EXERCISE AIM — Your task is to transcribe all of the data below exactly, omitting the images.

THE DATA —

==*==

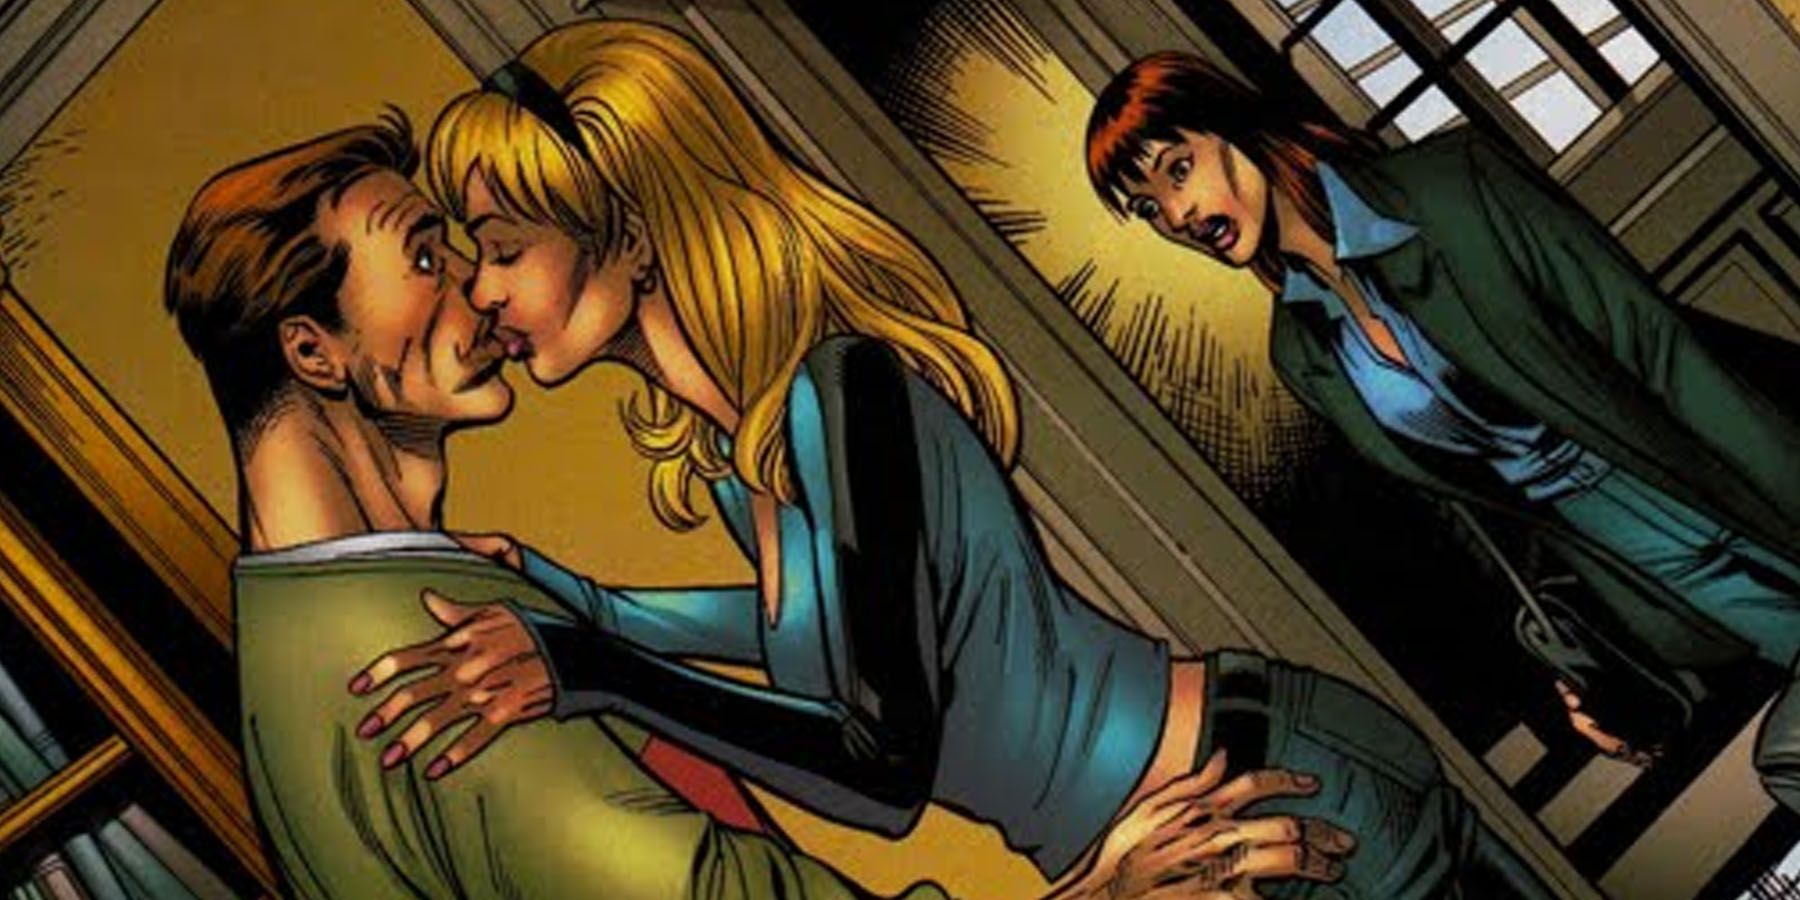 Sarah Stacy kisses Peter Parker
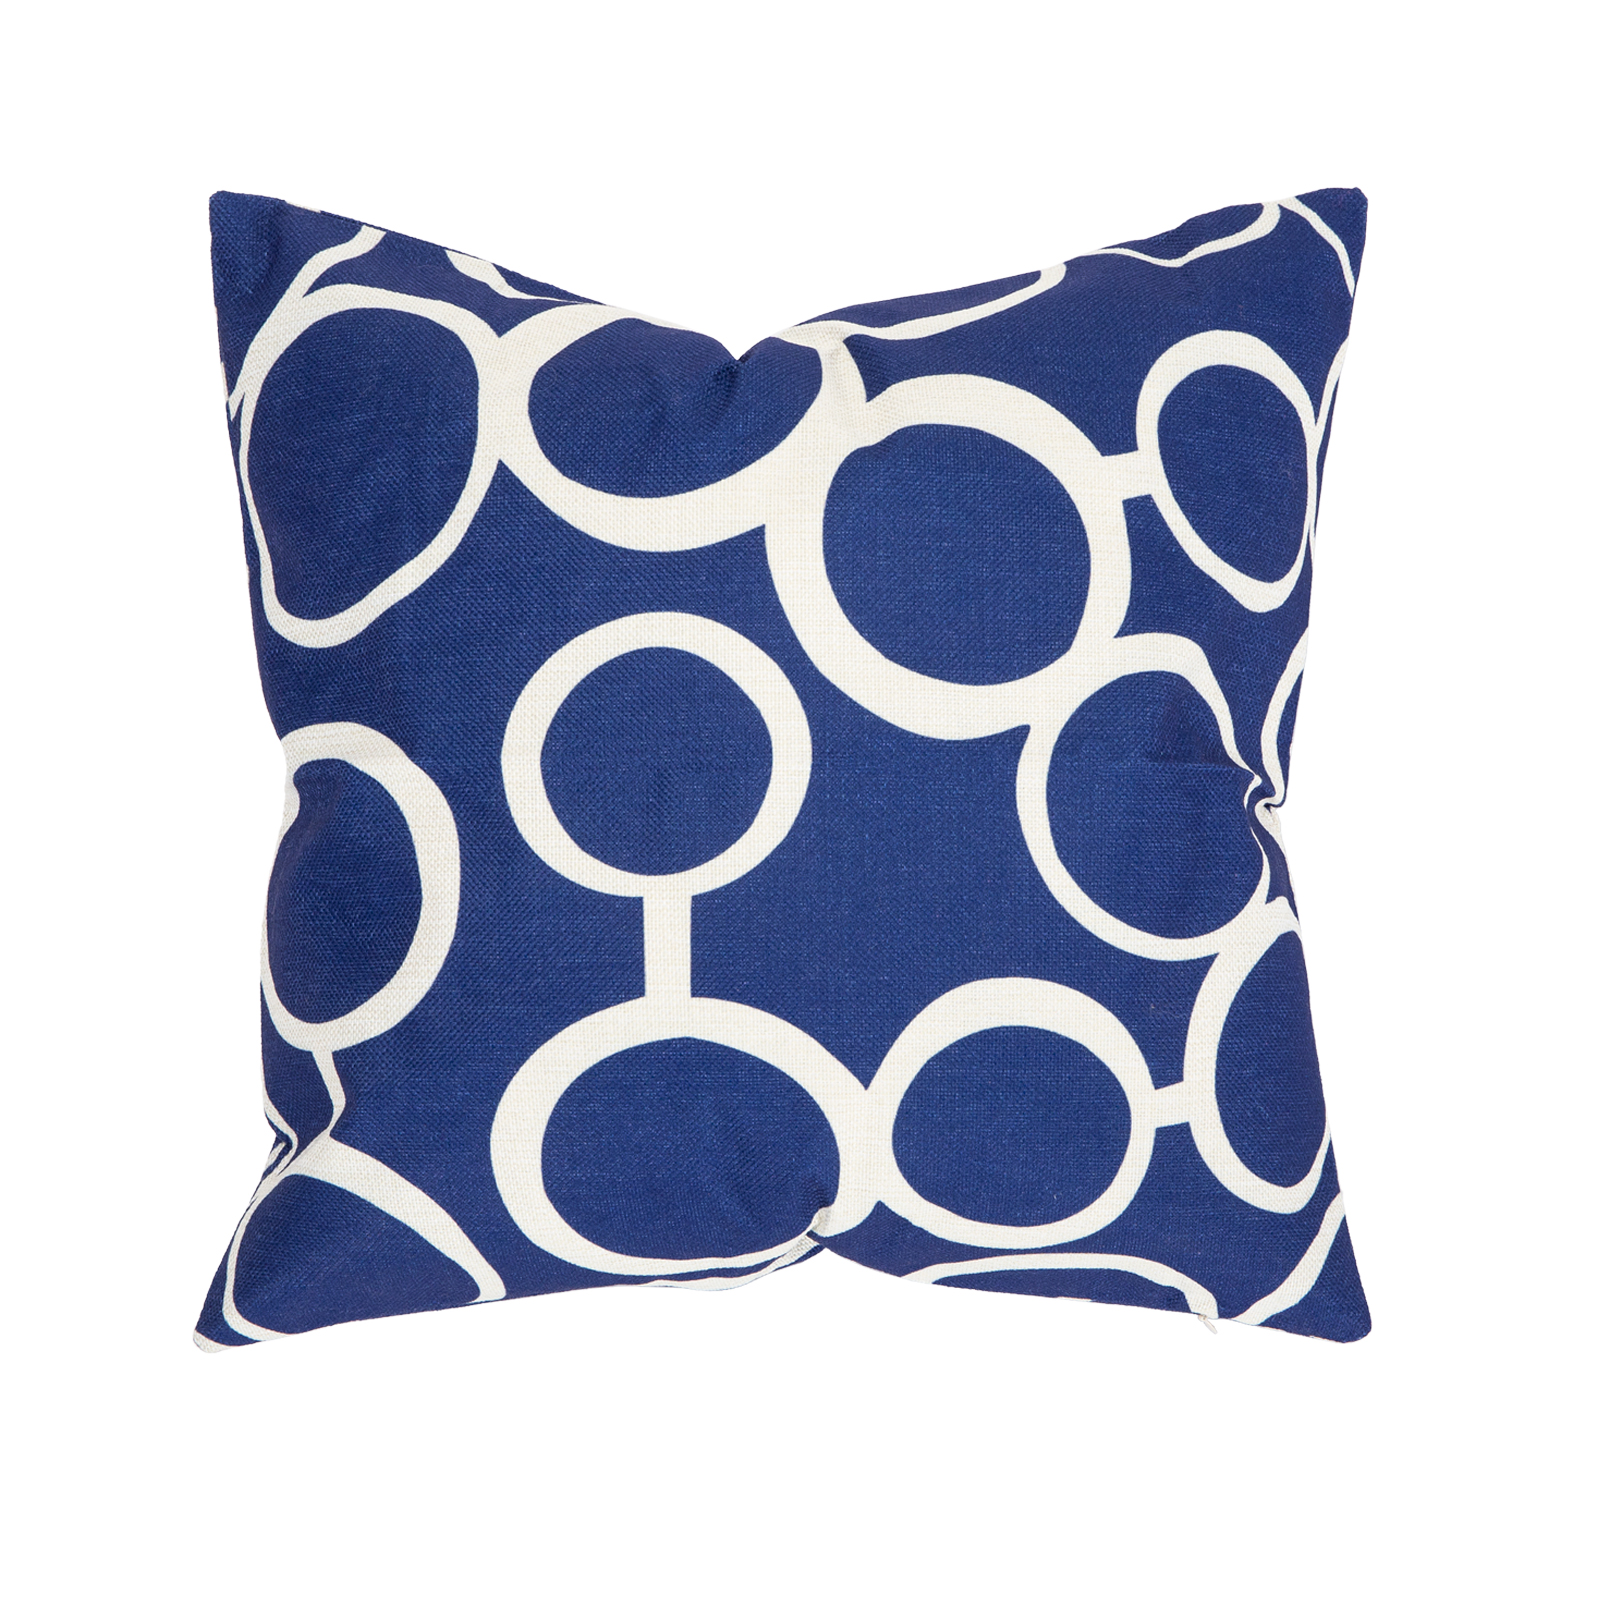 Blue Pillow (Retro) | Event Trade Show Pillow Rental | FormDecor
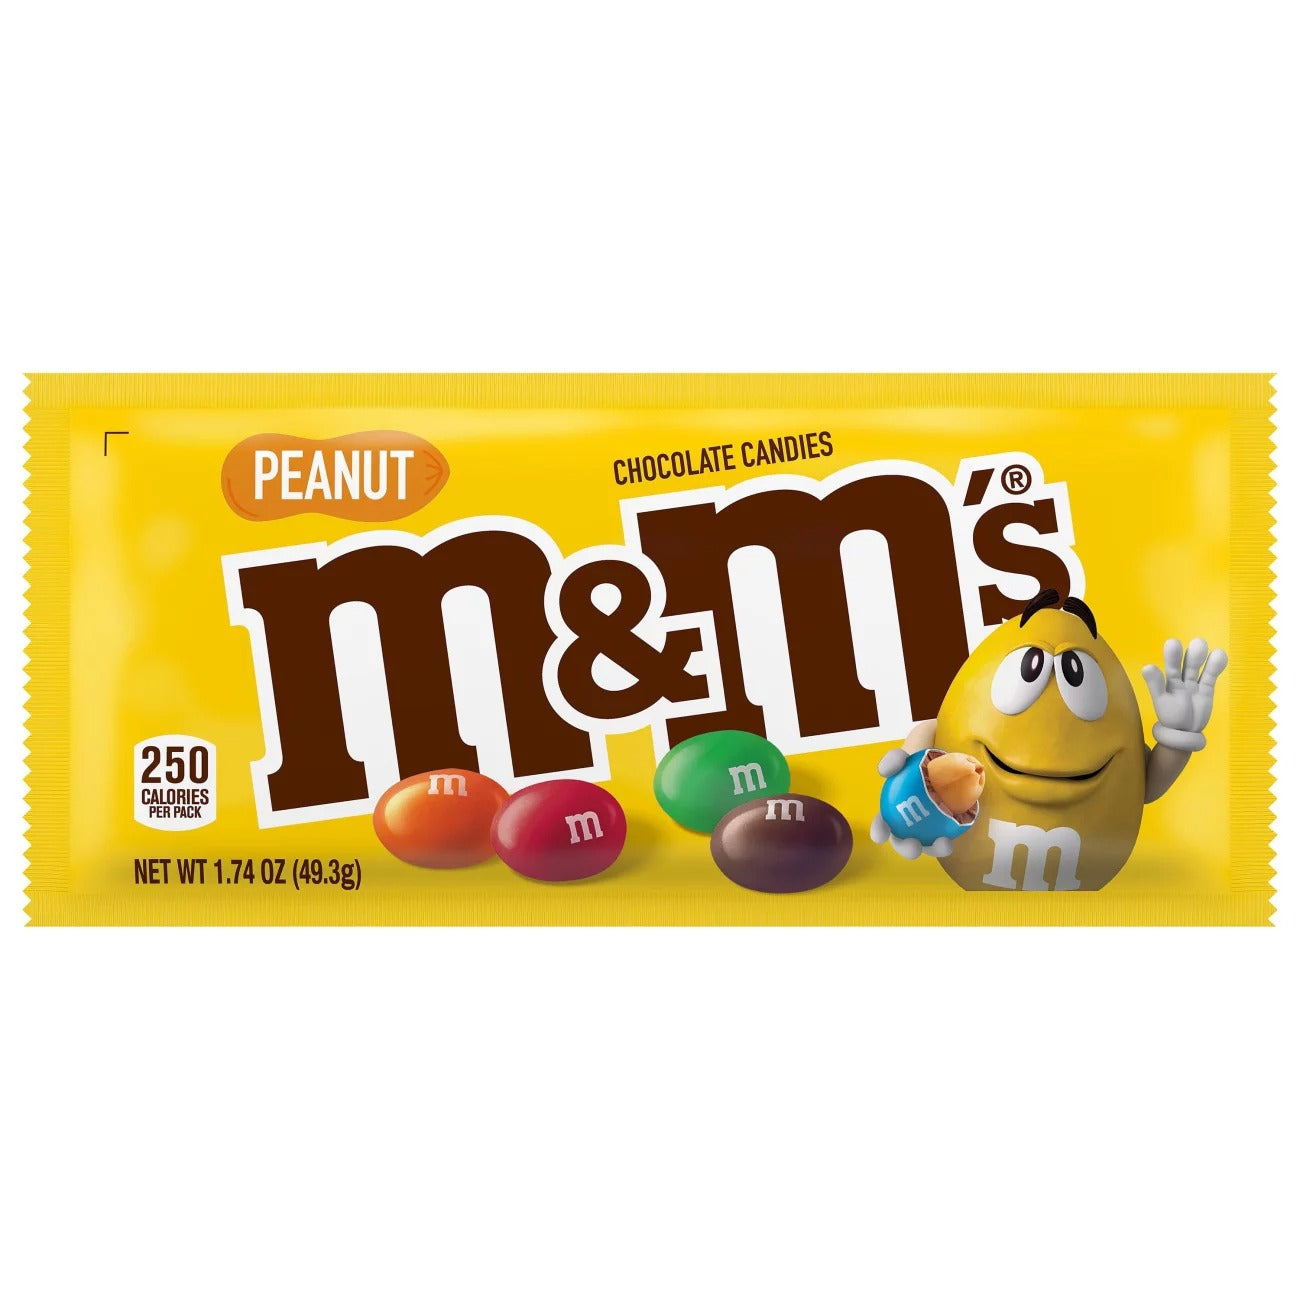 Peanut M&M

==*==

WRITTEN REPLY —
 Sarah Stacy kisses Peter Parker
 Blue Pillow (Retro) | Event Trade Show Pillow Rental | FormDecor
 Peanut M&M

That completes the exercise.